The retrieval rail classifies the combined retrieved text as a single input. If any blocked label is detected above threshold, all retrieved chunks are cleared.

rails:
  config:
    hf_classifier:
      named_entity_recognition:
        engine: local
        model: dslim/distilbert-NER
        task: token-classification
        threshold: 0.7
        blocked_labels:
          - "PER"
          - "LOC"
          - "ORG"
        parameters:
          aggregation_strategy: simple
  retrieval:
    flows:
      - hf classifier check retrieval $classifier=named_entity_recognition

Complete Example#

HAP (FMS), prompt injection (KServe), and language classification (vLLM) with streaming:

models:
  - type: main
    engine: openai
    model: my-model
    parameters:
      base_url: "https://llm-server.apps.example.com/v1"

rails:
  config:
    hf_classifier:
      hap:
        engine: fms
        model: hap-detector
        base_url: "https://detector-hap-route.apps.example.com"
        api_key_env_var: OCP_TOKEN
        threshold: 0.7
        blocked_labels:
          - "LABEL_1"
        parameters:
          verify_ssl: false

      prompt_injection:
        engine: kserve
        model: prompt-injection-detector
        base_url: "https://prompt-injection-detector-route.apps.example.com"
        api_key_env_var: OCP_TOKEN
        threshold: 0.5
        blocked_labels:
          - "1"
        parameters:
          verify_ssl: false

      lang:
        engine: vllm
        model: language-classifier
        base_url: "https://language-classifier-route.apps.example.com"
        api_key_env_var: OCP_TOKEN
        threshold: 0.5
        blocked_labels:
          - "fr"
          - "de"
          - "es"
        parameters:
          verify_ssl: false

  input:
    flows:
      - hf classifier check input $classifier=prompt_injection
      - hf classifier check input $classifier=hap
      - hf classifier check input $classifier=lang
  output:
    flows:
      - hf classifier check output $classifier=hap
    streaming:
      enabled: true
      stream_first: false

Return Value#

Returns True if allowed, False if blocked.
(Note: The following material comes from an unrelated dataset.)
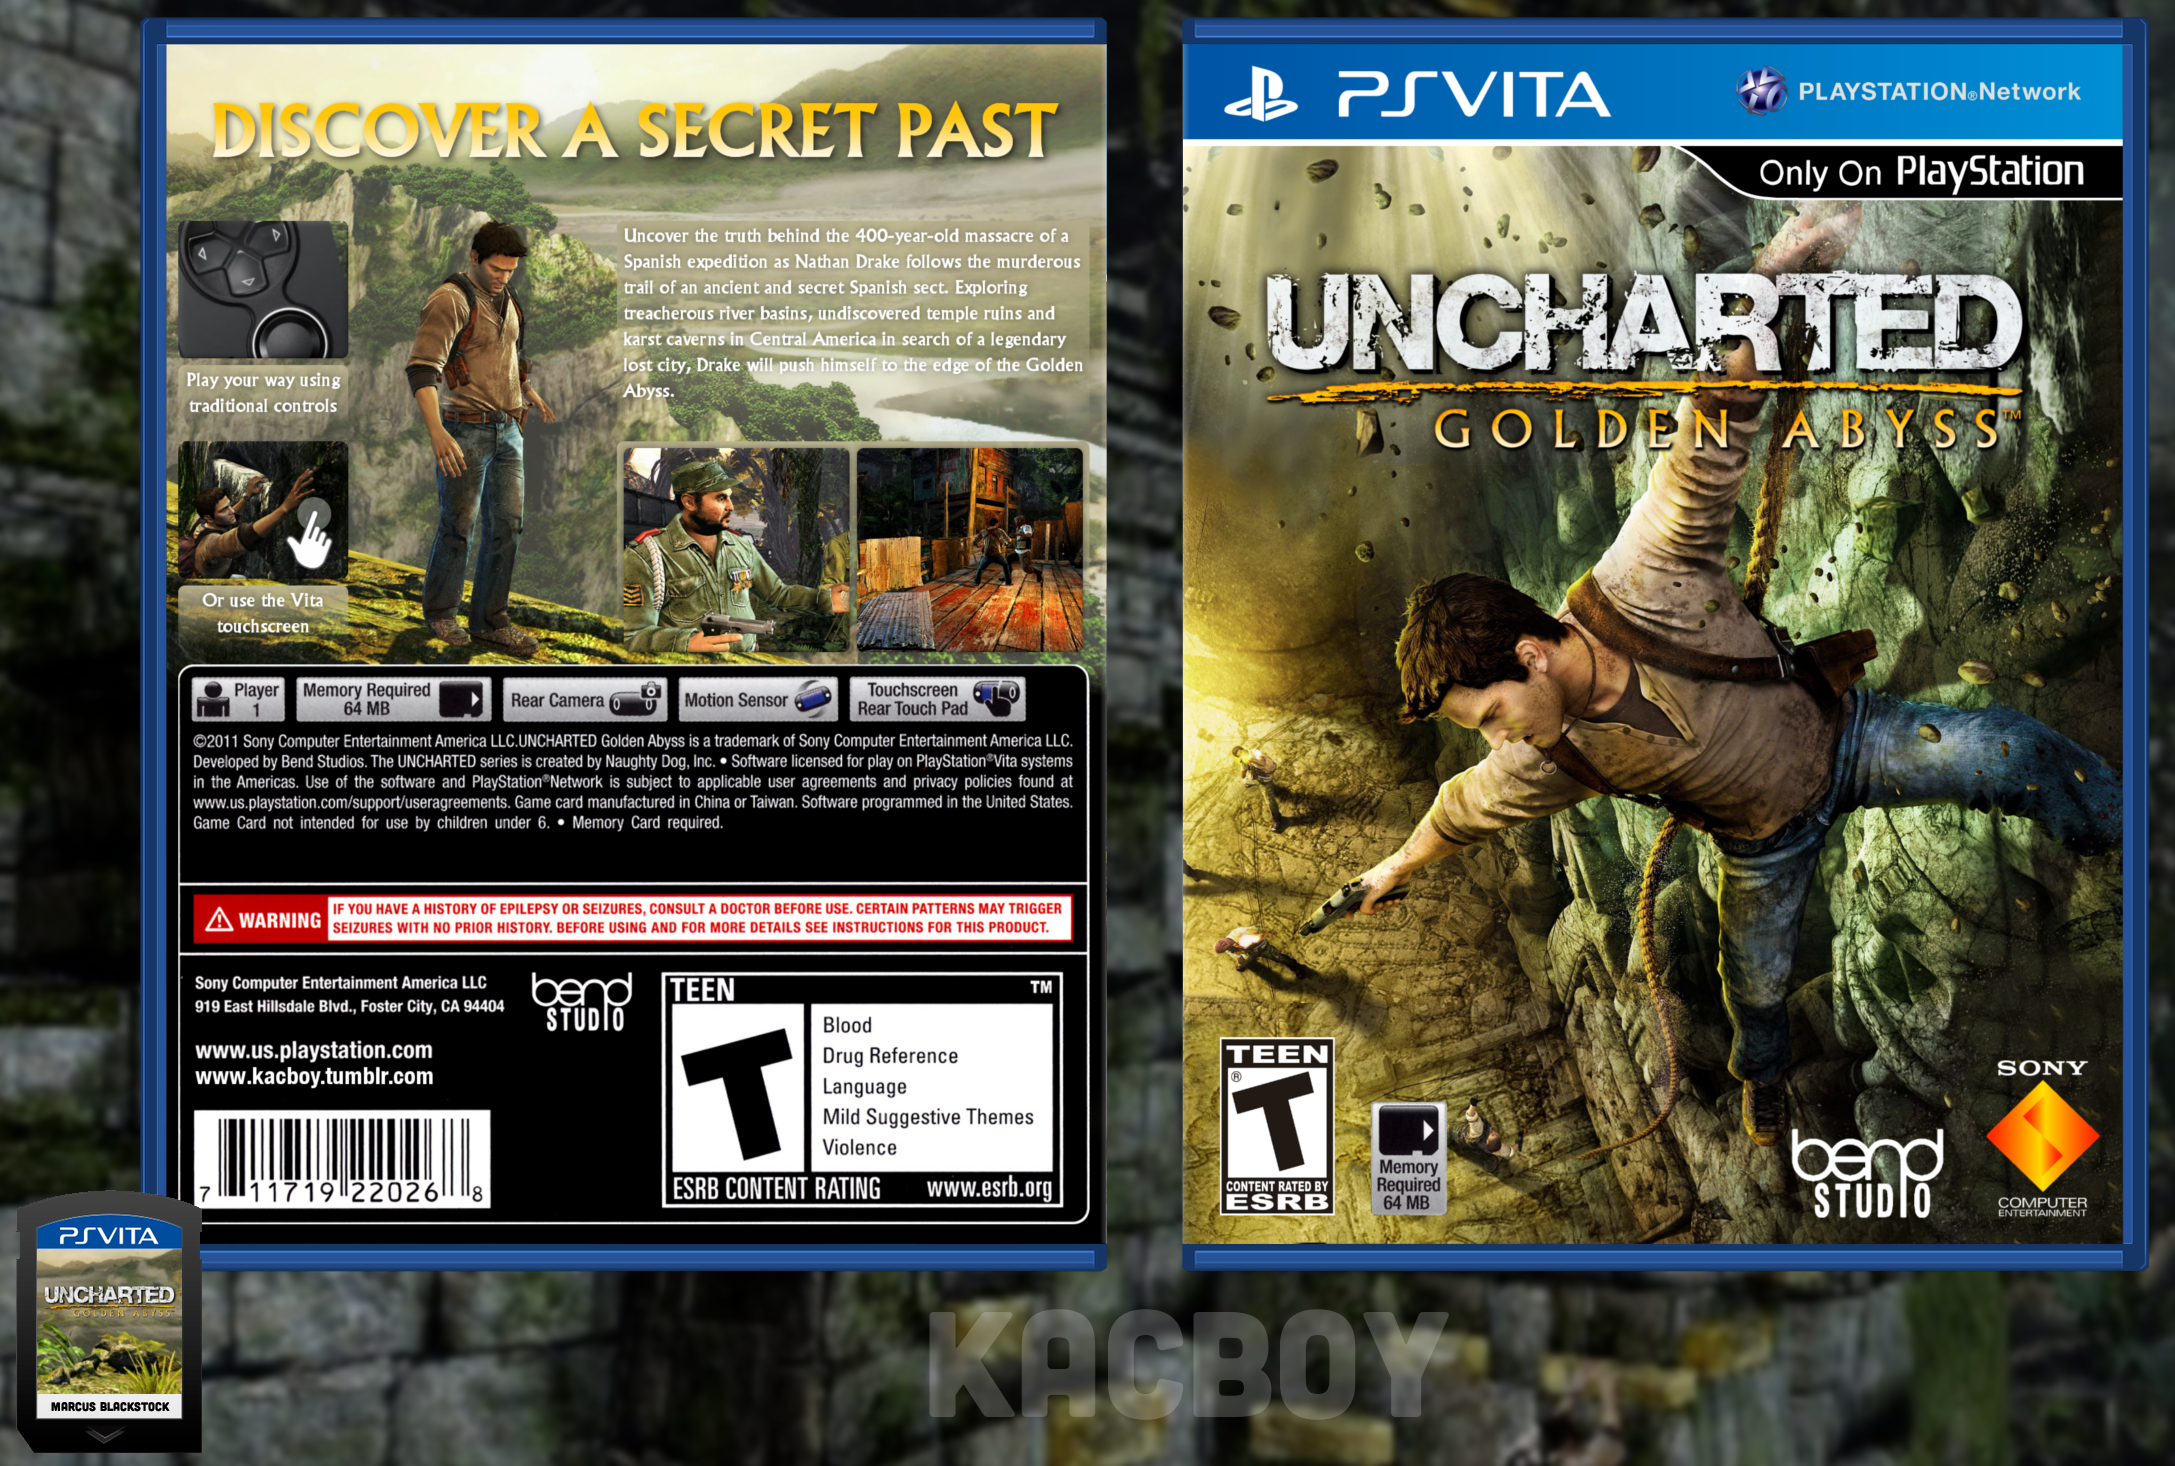 Uncharted: Golden Abyss box cover

Triggered labels and scores are logged at INFO level:

HF classifier 'hap': blocked (detections: [('LABEL_1', 0.92)])

mTLS and Custom CA#

rails:
  config:
    hf_classifier:
      toxicity:
        engine: kserve
        model: toxic-bert
        base_url: "https://classifier.internal:443"
        threshold: 0.7
        blocked_labels:
          - toxic
        parameters:
          ca_cert: /etc/ssl/custom-ca.pem
          client_cert: /etc/ssl/client.pem
          client_key: /etc/ssl/client.key

HF Classifier Rail Behavior#

When blocked, input and output rails respond with "I'm sorry, I can't respond to that." and abort. If enable_rails_exceptions is set, an InputRailException or OutputRailException is raised instead. Retrieval rails clear all retrieved chunks if any blocked label is detected. With streaming enabled, the output rail checks the accumulated response after streaming completes.